I maiali subiscono un “trattamento particolare”: da piccoli vengono castrati senza anestesia perché altrimenti, da adulti, la loro carne assumerebbe un sapore troppo forte per i palati degli amanti del prosciutto. Poi viene tagliata loro la coda e limati i denti: lo stress degli allevamenti intensivi fa impazzire gli animali che hanno comportamenti psicotici aggressivi e senza questi “accorgimenti” si morderebbero la coda reciprocamente.

Le pecore sono le uniche a vivere per lo più all’aperto, ma sono tosate in maniera brutale in pieno inverno, e sono costrette a sopportare i rigori dell’inverno senza la protezione naturale del loro mantello

Gli agnellini maschi sono uccisi a poche settimane di vita, specialmente in occasione delle festività pasquali. Inoltre le pecore sono costrette a figliare continuamente e, non appena sono meno produttive, vengono macellate.

Alle galline ovaiole, prima di entrare nelle gabbie, viene tagliata una parte del becco per evitare che lo stress le induca a beccarsi a morte. In seguito vengono ammassate all’inverosimile una sull’altra dentro a gabbie anguste: nello spazio di una pagina di quotidiano devono vivere quattro animali adulti. Le loro ali si atrofizzano a causa dell’immobilità forzata, mentre le loro zampe crescono deformi a causa del contatto della griglia di ferro della pavimentazione.
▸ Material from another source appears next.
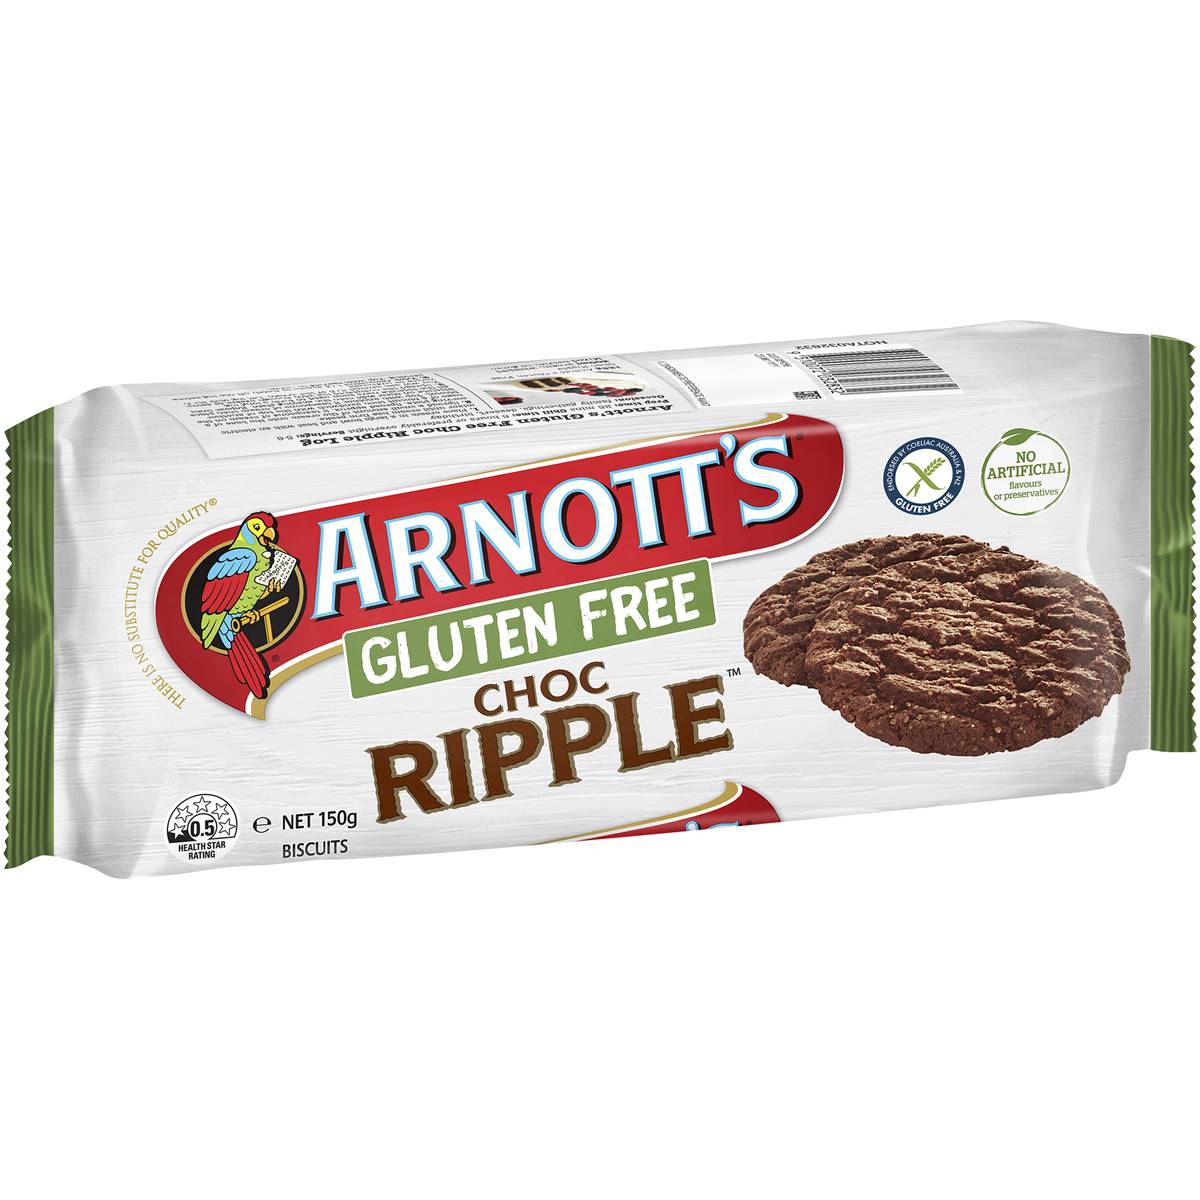 Arnott's Gluten Free Choc Ripple Plain Biscuits 150g

Negli allevamenti che producono galline ovaiole, i pulcini maschi (inutili al mercato in quanto non in grado di produrre uova, né adatti alla produzione di carne di pollo) sono gettati vivi in un’apposita macchina tritacarne per diventare mangime.
Non appena la produttività delle galline diminuisce sotto il livello fissato, sono sgozzate per diventare carne di seconda scelta.

I polli da carne non godono certo di un trattamento migliore: sono allevati in capannoni affollatissimi, fino a 10-15 polli per metro quadrato, sotto la luce sempre accesa, perché crescano in fretta. A 45 giorni vengono ammazzati, mentre in natura potrebbero vivere fino a 7 anni.
La stessa sorte tocca ai tacchini. Le oche sono ancora più sfortunate, perché vengono sottoposte al “gavage”: immobilizzate, vengono ingozzate con un imbuto fino a che il loro fegato si spappola, per produrre così il famoso “paté de foie gras”.

I pesci spesso non sono nemmeno considerati animali, occupano un gradino ancora più basso nella scala dell’umana compassione. Eppure, i pesci provano dolore, molti di loro hanno sistemi nervosi complessi, alcuni, come il polpo, sono particolarmente intelligenti e capaci di compire attività elaborate. Un terzo dei pesci pescati in tutto il mondo viene ributtato in mare dopo morto, perché di scarto, in quanto appartiene a specie considerate non commestibili. Oltre ai pesci pescati in mare, si va diffondendo sempre di più l’acquacoltura, cioè l’allevamento intensivo di pesci, in cui questi animali vengono tenuti in spazi ristrettissimi. Nelle vasche delle aziende ittiche la densità arriva fino a 7 tonnellate di pesce ogni 50 mq. Negli allevamenti di trote 400 individui si dividono 1 metro cubo d’acqua. Per evitare infezioni e parassiti ai pesci vengono somministrate dosi massicce di antibiotici e altri farmaci. Residui chimici e farmaci passano all’uomo attraverso la catena alimentare. I pesci muoiono asfissiati, in una lenta agonia, muta, perché non siamo in grado di sentirli. A volte arrivano nei banchi delle pescherie ancora vivi a terminare la loro agonia tra il ghiaccio. I crostacei, come le aragoste, vengono poi bollite vive nelle pentole dei consumatori.